Arthur Aguillera é testemunha da crise econômica que já estamos vivendo na Austrália. Dono de uma das subcontratadas por uma das redes de supermercados, ele é responsável, entre outras coisas, por recrutar motoristas-entregadores.
 
"Uma grande mudança para a empresa (na pandemia) foi o número de motoristas procurando trabalho, o que era uma dificuldade pra gente dependendo da época do ano. Hoje recebemos de 20 a 30 ligações e emails por dia de motoristas procurando trabalho, que perderam seu emprego. Ninguém queria estar passando por isso, mas a gente acaba sendo privilegiado de trabalhar no online e não ter sido afetado. Pelo contrário, foram um dos poucos trabalhos que ficaram mais ocupados nessa época.
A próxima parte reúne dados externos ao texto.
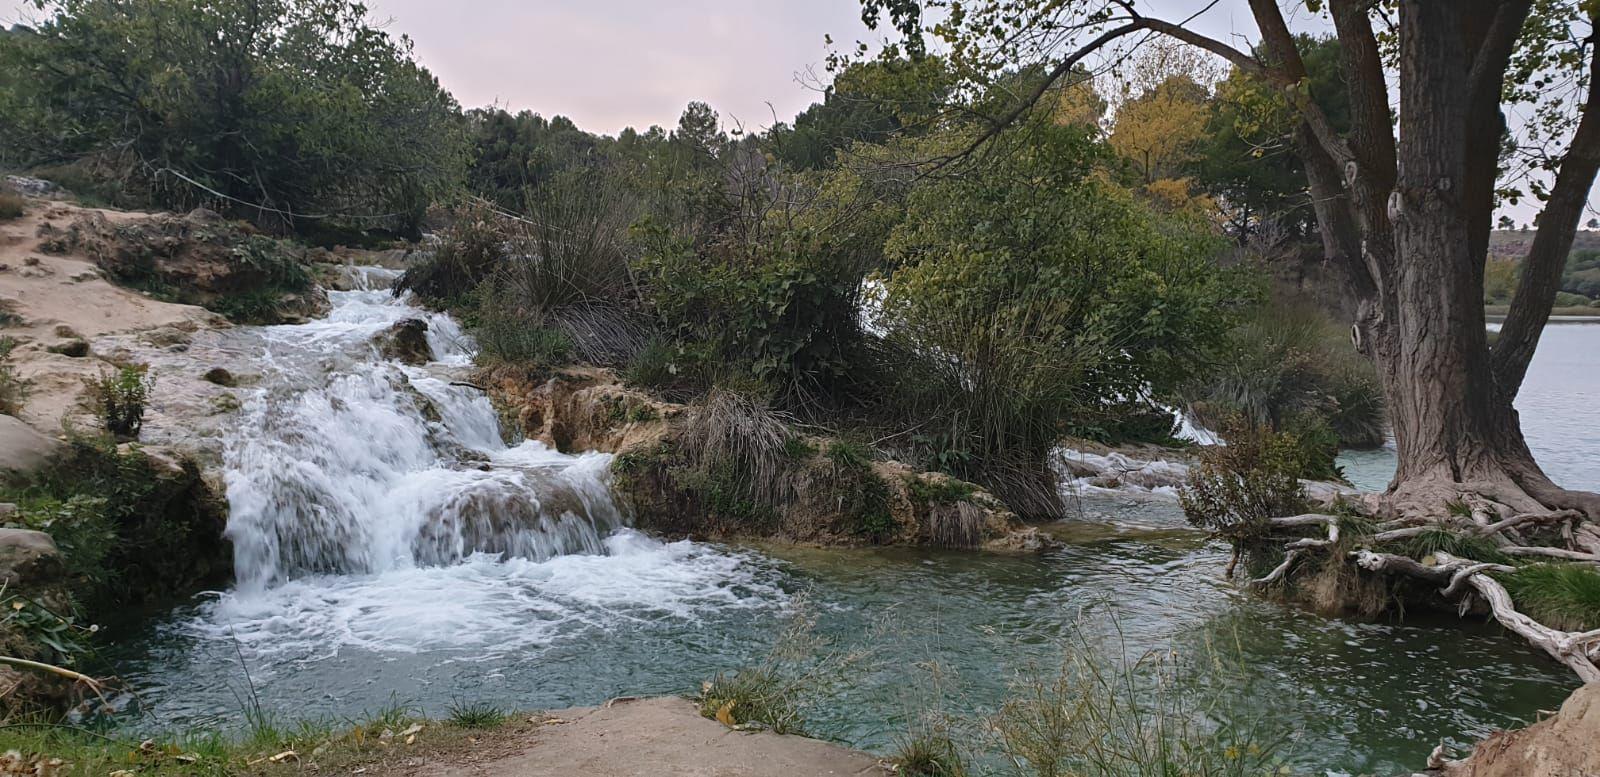 Lagunas De Ruidera Te Esperamos En Luz De Alba Para Que Disfrutes De Este Paraíso Terrenal Paraiso Terrenal Paraiso Alba

Infelizmente não conseguimos ajudar todos, de um mês e meio pra cá contratamos 25 novos motoristas pra dar conta da demanda."
 
Trabalhar como motorista-entregador na Austrália é um trabalho duro, que normalmente começa por volta das cinco horas no turno da manhã e termina por volta das dez no da noite. É físico, tem seus perrengues, mas é um início fundamental para muitos brasileiros (e não só brasileiros) que chegam para viver na Austrália. Mas pode ser também recompensador, como lembra Gustavo Baldo Nista.
 
" Eu vejo que nosso trabalho também é uma forma muito bonita de ajudar as pessoas, porque a maioria do público que recebe nossas entregas é de pessoas idosas, com deficiência, mães com filhos pequenos. São pessoas que talvez até possam ir ao mercado, mas com esse nosso trabalho  de levar as compras até a casa das pessoas, é uma forma de ajudar. Não só, mas acredito que muitos outros motoristas, façam questão de serem educados, de levarem um sorriso, são pequenos gestos que fazem diferença na vida das pessoas."